[Dataset content]
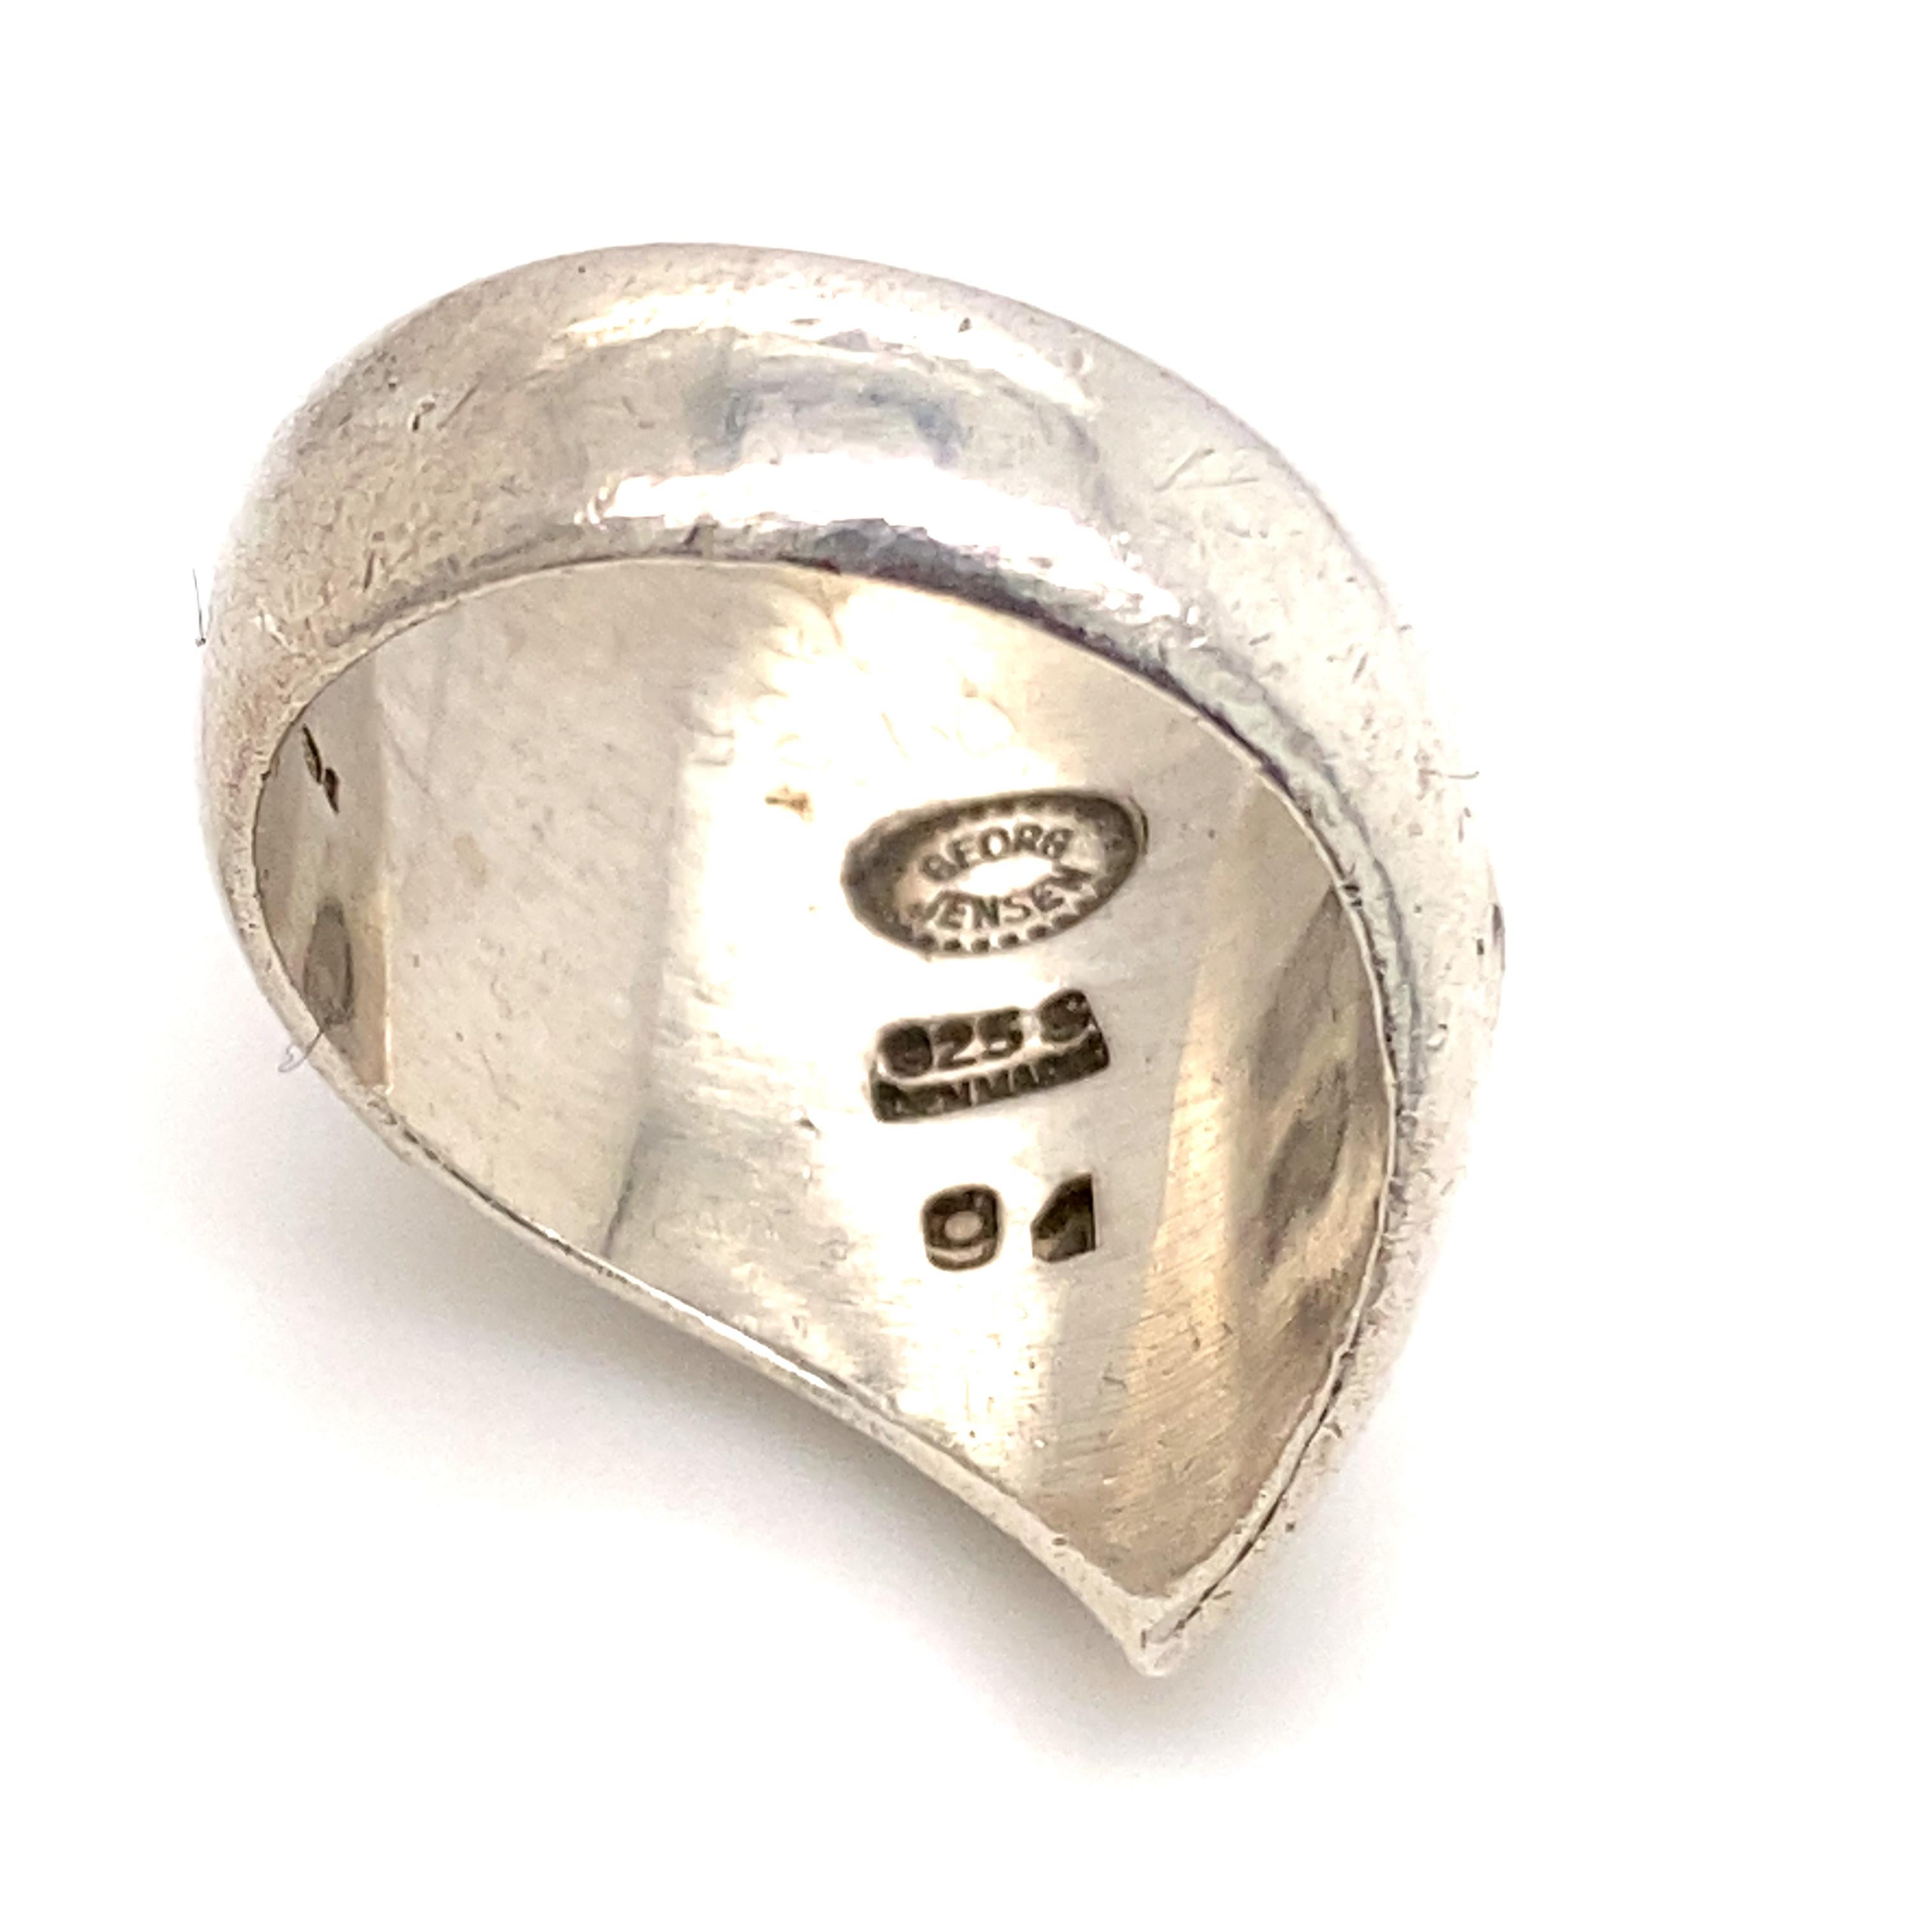 Silberring von Nanna Ditzel für Georg Jensen, Dänemark um 1968

Als elegante, geschwungene und wellenförmige Silberskulptur sitzt dieser Ring wunderschön am Finger und fängt das Licht ein, wenn man ihn aus verschiedenen Winkeln betrachtet.

Nanna
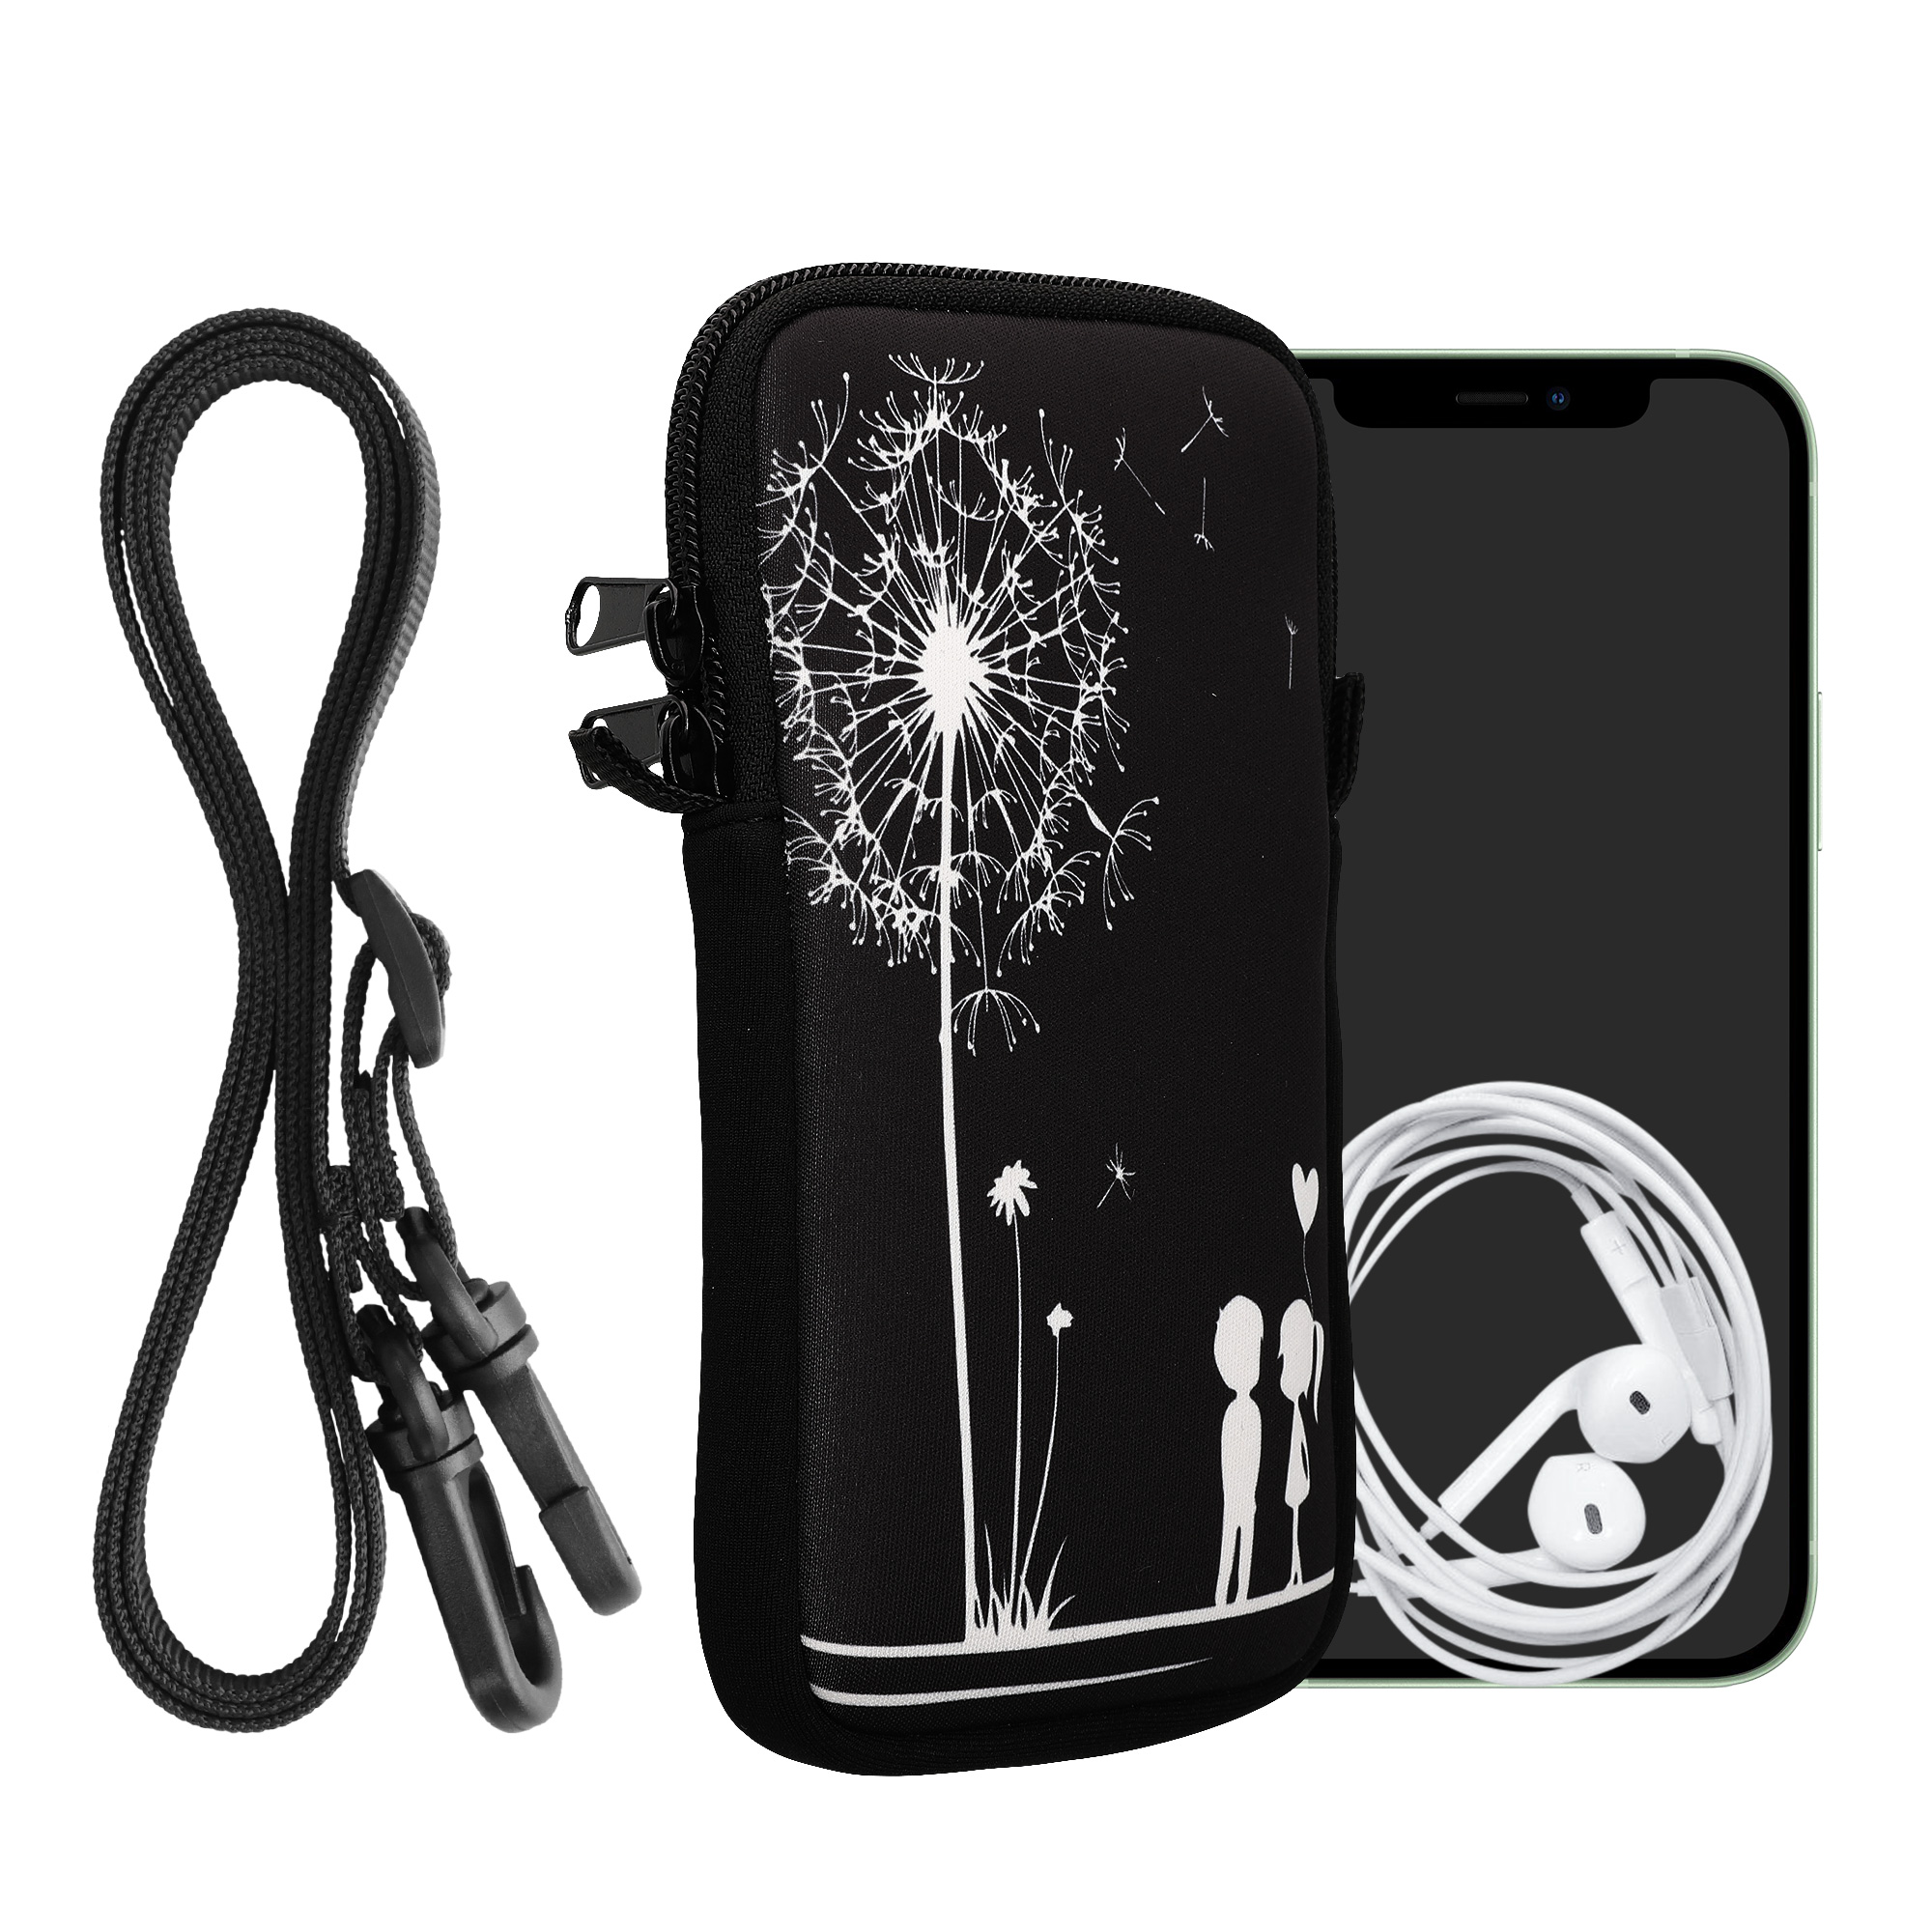 Tasche für Smartphones XXL - 7"

[Problem to solve] Your job is to reproduce the material exactly. Keep pictures out of it.

[Answer section]
 Silberring von Nanna Ditzel für Georg Jensen, Dänemark um 1968

Als elegante, geschwungene und wellenförmige Silberskulptur sitzt dieser Ring wunderschön am Finger und fängt das Licht ein, wenn man ihn aus verschiedenen Winkeln betrachtet.

Nanna
 Tasche für Smartphones XXL - 7"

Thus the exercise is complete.